Все нищие посмотрели на меня.

– И где ваш старший? – спросил я, вспоминая свою встречу в баре.

Папа посмотрел на меня.

Нищая девочка встала. Другие переменили позы. Затем, не говоря ни слова, взяв с собой увечья и раны, но оставив отвратительные запахи, они вышли из комнаты. Девочка уходила последней. Она внимательно на меня посмотрела, потом на Папу и закрыла за собой дверь. Я слышал, как они топчутся у нашего фасада. В отдалении залаяли собаки. Светлячки, москиты и мотыльки погибали на столе и на полу, убитые, по-видимому, запахами в комнате. Папа размеренно пил, покачивая головой туда и сюда, словно находясь в глубоком сне. Мама наклонилась, шлепнула себя по ноге, выпрямилась и тихим голосом сказала:

– Нищие принесли блох и оставили их, чтобы они нас кусали. Это их подарок. Ты сумасшедший, мой муж.

Я никогда не слышал, чтобы Мама говорила так грубо. Она пошла и села на кровать. Папина рана кровоточила. В глазах его было напряжение, челюсти двигались. Затем он сказал:

– Когда-то они были великими людьми. Голод увел их из их царства, и сейчас дорога – их единственный дворец. Я построю им школу. Я научу их работать. Я буду учить их музыке. Мы все будем счастливы.

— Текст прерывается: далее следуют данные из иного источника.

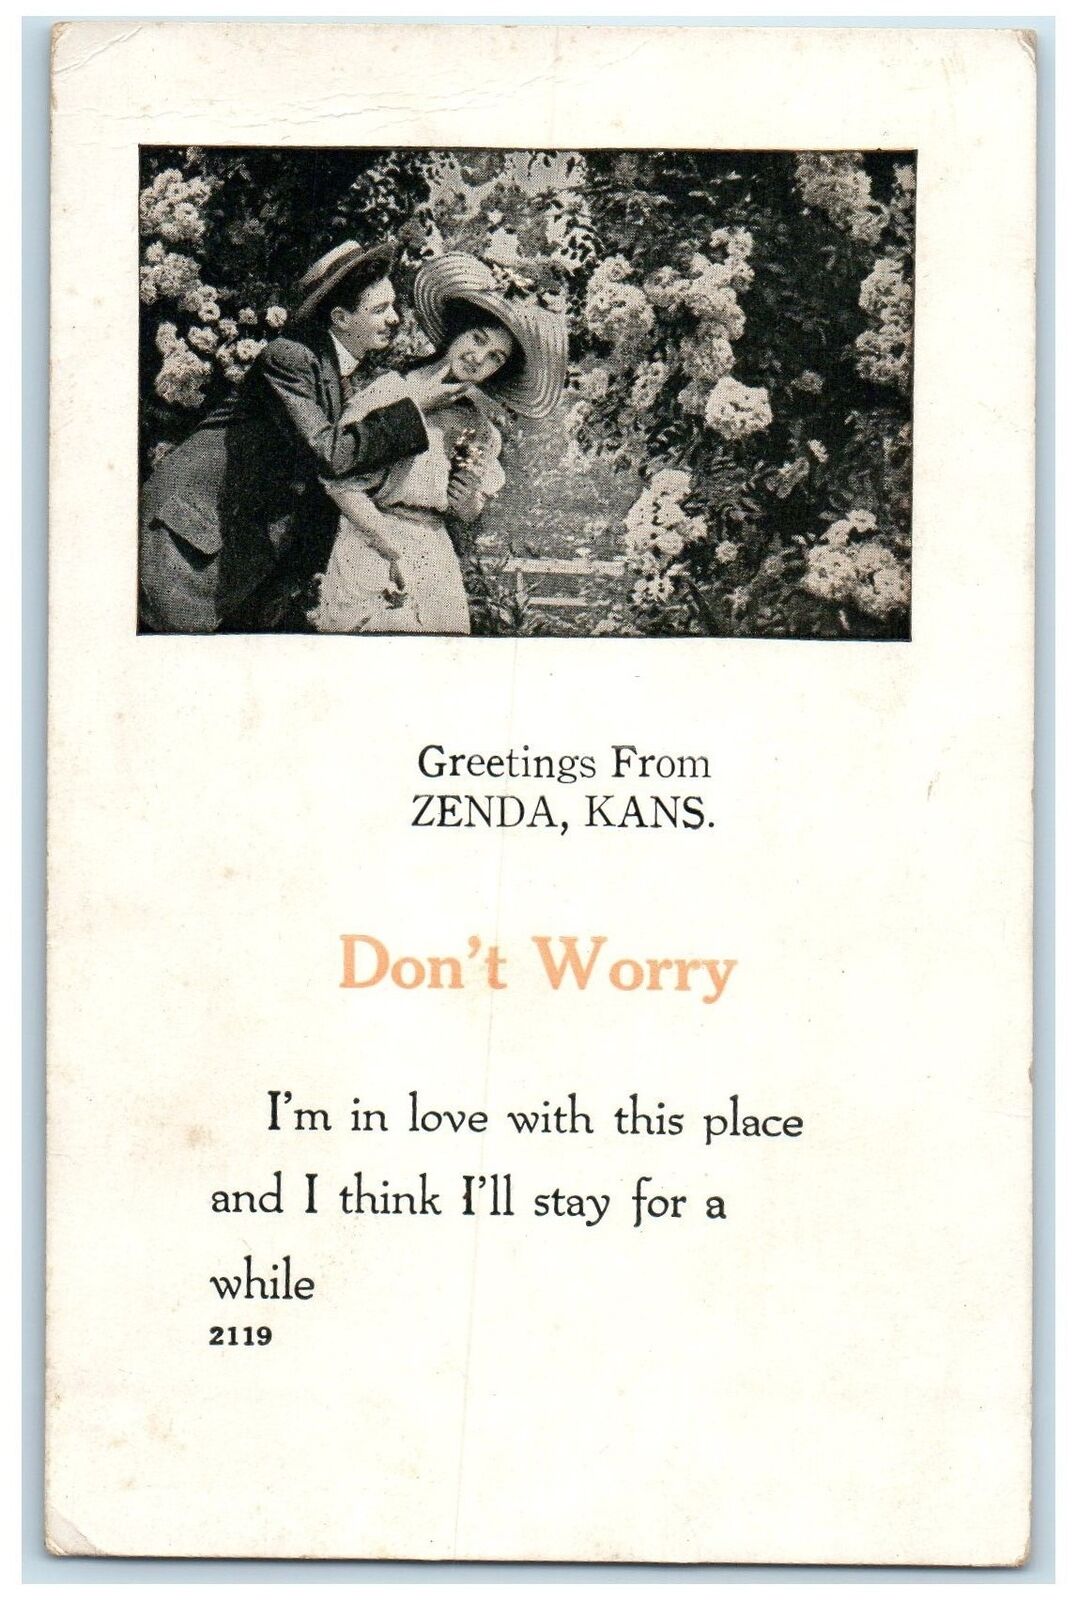 1915 Greetings From Zenda Don't Worry I'm In Love This Place Kansas KS Postcard

Мама вышла, принесла немного воды и продезинфицировала комнату. Жидкость, которую она густо разбрызгала по всей комнате, ударила мне в ноздри. Мама поменяла простыни. Папа сидел с сонными глазами, с грубой порослью на лице, кровь стекала по щеке и капала на плечо его разорванной рубашки. Затем пришла Мама, обработала рану и залепила ее пластырем. Она пошла и легла на кровать. Папа еще долго что-то пьяно бормотал. Он говорил, что построит дороги в поселке, говорил о своих планах строительства, которые должны поднять в людях боевой дух, о том, что миру нужно вдохновение, говорил о моряках без кораблей, священниках без храмов, королях без дворцов, боксерах без противников, еде без животов, чтобы ее съесть, богах без единого человека, который бы в них поверил, мечтах без мечтателей, идеях, которые никто не может использовать, о людях без пути. Для нас в его речах не было смысла. Свеча почти догорела. Он встал и, все еще что-то бормоча себе под нос, пошел и лег на пол рядом со мной. От него пахло, как от большого животного, истощенного слона, и это был запах переизбытка энергии, переизбытка надежд и противоречий. Он бормотал что-то неразборчивое и вскоре заскрипел зубами. Когда он уже глубоко заснул, свеча ярко разгорелась и пламя затрепетало, как будто папин сон снабдил огонь кислородом. Мама встала с кровати, попросила меня передвинуться, и затем она сделала нечто очень странное. Она села верхом на Папу и стала его бить. Она била его по лицу, в грудь, отбивала маниакальный ритм на его животе, колотила и мутузила его изо всех сил, все время вскрикивая тихим устрашающе-монотонным голосом, не останавливаясь ни на секунду, как только позволяли руки.